Корней Иванович написал мне, похвалил (и даже перехвалил) мои воспоминания о Маршаке, а вопрос о «Нашей Маше» обошел молчанием. Вы же и вообще промолчали.
На Вас это, Лидочка, непохоже. Вы человек прямой и всегда были верны законам дружбы. Когда Вам не нравились мои писания — Вы всякий раз говорили мне об этом прямо.
А Корнея Ивановича Вы изобразили чудесно, по-художнически объективно и до чего же верно! Я ведь и раньше знал, что он не обладает ЭТИМ даром, но — задним-то числом мы все ЗНАЕМ, ЧТО ЗНАЛИ — после того, как нам откроет глаза художник.
Напишите мне, пожалуйста, Лидочка!
257. А. И. Пантелеев — Л. К. ЧуковскойКомарово, 17.I.1967.
Дорогая Лидочка!
Ваше письмо я получил накануне отъезда и вот только сейчас собрался ответить Вам и поблагодарить Вас за все сказанное в адрес моей книжки и статьи[354].
Я не могу сейчас столь же подробно ответить Вам.
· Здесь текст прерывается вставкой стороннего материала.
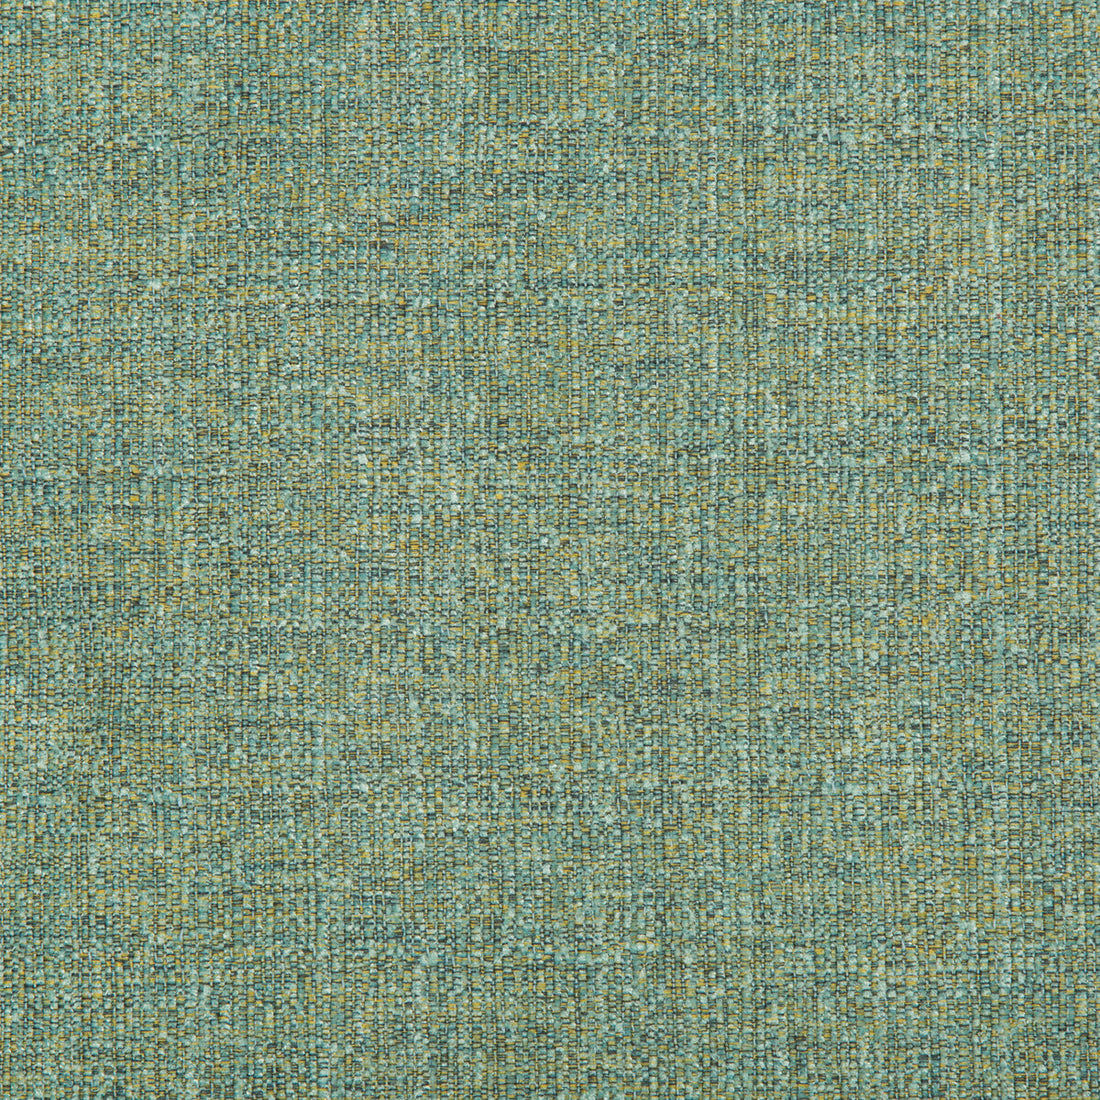 Kravet Contract fabric in 35479-423 color - pattern 35479.423.0 - by Kravet Contract

Но могу — и хочу — выразить сожаление, что в свое время Вы не прочли моего «Маршака» в рукописи[355]. Читала в рукописи Александра Иосифовна, но — скажу Вам, Лидочка, откровенно и между нами — ее критика на меня, человека не очень-то уверенного в своих силах, действует почти убийственно. Очень как-то озлобленно-предубежденно относится она буквально ко всему, что выходит последнее время из-под моего пера. «Нашу Машу» она разнесла в пух и прах, назвала «постыдной» книгой; ни одного доброго слова не нашла для «Шварца»; с гневом и даже гадливостью, как о каком-то пасквиле, говорила о «Маршаке»…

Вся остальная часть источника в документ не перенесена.